Я не всегда умел пользоваться подарками географии: каждую смерть я принимал как личное оскорбление. Время научило меня быть спокойнее. Теперь я ищу причины – и констатирую известную естественность в судьбе моих героев. Мой пес умер потому, что не понял революции. Володя Чех был убит в бою, – может быть, потому, что эта же самая судьба не любит одноглазых, слишком напоминающих ей о ее собственной слепоте. Преступление, жертвой которого стала мадам Шуцман, было, несомненно, совершено художником: я не решусь утверждать, что ее неоригинальность и обыкновенность послужили поводом для убийства, но это предположение нисколько не менее вероятно, чем другие.
Наконец, Илья Васильевич Аристархов кончил так грустно потому, что был сам по себе несвоевременен и несовременен, – был результатом ошибки в вычислении лет. Революция, строгий цензор и скверный математик, подчеркнула эту ошибку, раз навсегда лишив Илью Васильевича возможности выйти за пределы подчеркнутого. Таким образом, он был осужден. С ужасом он увидел, что справа и слева ему загромождает дорогу то, что он называл «тяжелыми стенами реальности». Он мог двигаться только вперед или назад. Он выбрал второй путь; этот путь оказался аллеей сада, прилегающего к больнице для умалишенных.
Повесть о трех неудачах – написанная в первом лице – рассказ спутника осужденных, свернувшего в сторону наименьшей мягкости и наименьшего сопротивления.
I
В свое время мы родились незаржавленными и молодыми, и жизнь каждого из нас перегоняла медленные стрелки стенных часов, тяжелые удары соборного времени и беспрестанное тиканье почти хронометров Павла Буре.
Нас было четверо; и после того дня, когда я впервые увидел женщину прямых линий, гулявшую под руку с Володей Чехом, я думал о любви и рисовал смешное сердце, проткнутое стрелой и выпадающее из собачьей пасти. Это. случилось так.
Лежа в роще, мы отдыхали: перед этим я долго ехал по белому шоссе, пес бежал за задним колесом велосипеда. Мы оба устали: в роще было тихо, белое пятно моей рубашки не шевелилось, красный язык моего друга равномерно трясся на зубах. С шоссе изредка слышалось топанье лихача: оно ударялось очень минорно, и уши пса долго оставались поднятыми.
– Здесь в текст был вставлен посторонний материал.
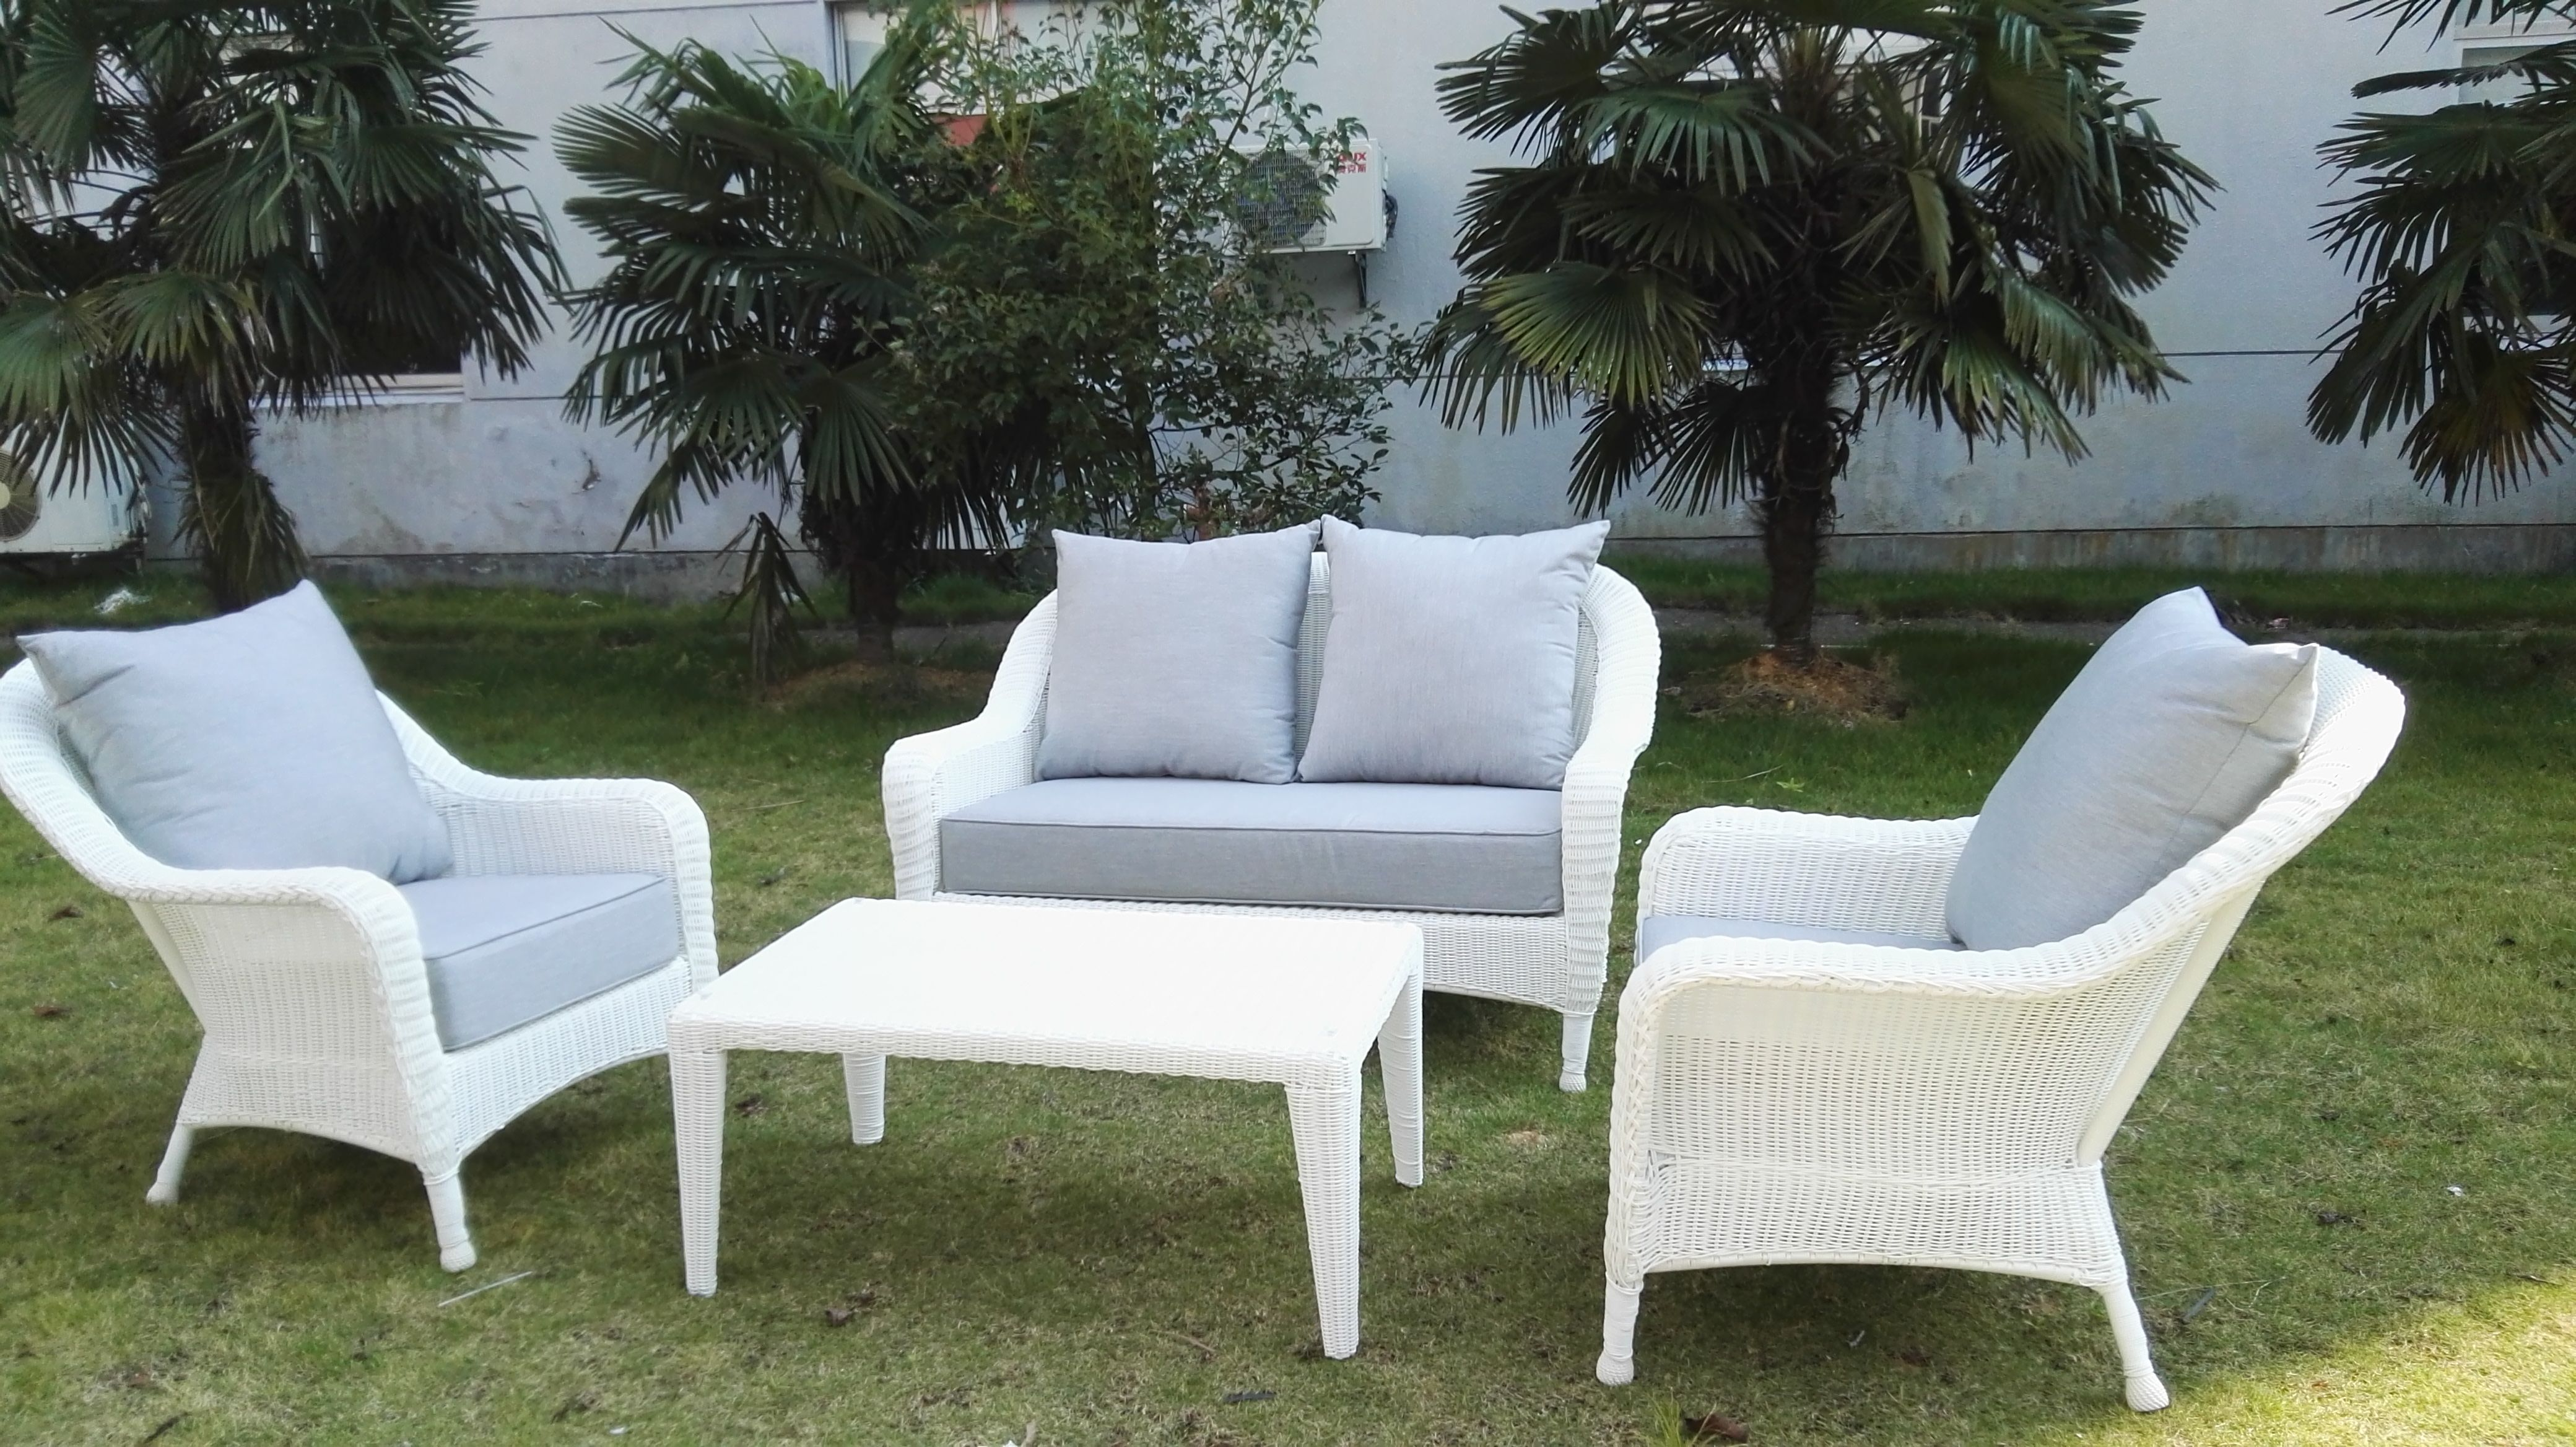 home depot outdoor furniture TG 16162 rattan sofa

В эти годы солнце стояло высоко.
Это происходило незадолго до трагедии, сломавшей крепкую четвероногую жизнь моего друга и бросившей меня далеко от моего города и загородных рощ. Я был старше пса на десять лет. Я принес его домой слепым щенком и выкормил его: я никому не позволял его бить, он вырос, не зная человеческих ударов. Мы жили вместе, он спал у дверей моей комнаты. Во многом у нас были одинаковые взгляды: мы оба никогда не трогали нищих: я – потому что им не завидовал, он – из высокомерия.
В то лето я читал «Paroles d'un revolte»; пес лежал на ковре и о чем-то думал. Мне казалось, что его мысль была всегда о движении, статического быта он не признавал. Я разговаривал с ним: он слушал, наклоняя голову, вскакивал, подходил ближе и успокаивался. Может быть, он хотел сказать, что когда-нибудь будет знать столько же цитат, сколько и я.
– Жить, брат, все-таки можно, – сказал я, – только не надо умирать.
Мы лежали на траве: топот последнего лихача замолк с полчаса назад. Вдруг послышались шаги. Мой друг зарычал и вскочил. Я приподнялся на локте. Из-за деревьев вышла женщина прямых линий и за ней карманщик Володя Чех.
Женщина шла, не сгибая ног, гордо и резко выставив острые прямые груди. Я не видел до этого таких прямых, – и не знал, что в жизни есть своя геометрия, не уложившаяся в теоремы о сумме углов. И моя встреча с женщиной прямых линий была первым уроком ежедневной математики, науки о положительных и отрицательных величинах, о форме женской груди, о тупых углах компромиссов, об острых углах ненависти и убийства. Володю Чеха я знал случайно: он был крив на левый глаз и обладал страшной силой пальцев. Я посмотрел на него: женщина остановилась: пес вздрагивал и рычал. Я остался лежать. И я сказал Володе:
– Да ведь она, голубчик, не гнется. Володя промолчал.
– Ты бы познакомил?
Слово было за женщиной прямых линий; она осмотрела меня, моего друга, велосипед.
– Не надо нам таких знакомств.
– До свиданья, тетенька. Володя пробурчал:
– В двенадцать апостолов!
Нога женщины сделала шаг, опустилась, не согнувшись. Это было движение прямых и стремительных линий. Володя пошел вслед за ней.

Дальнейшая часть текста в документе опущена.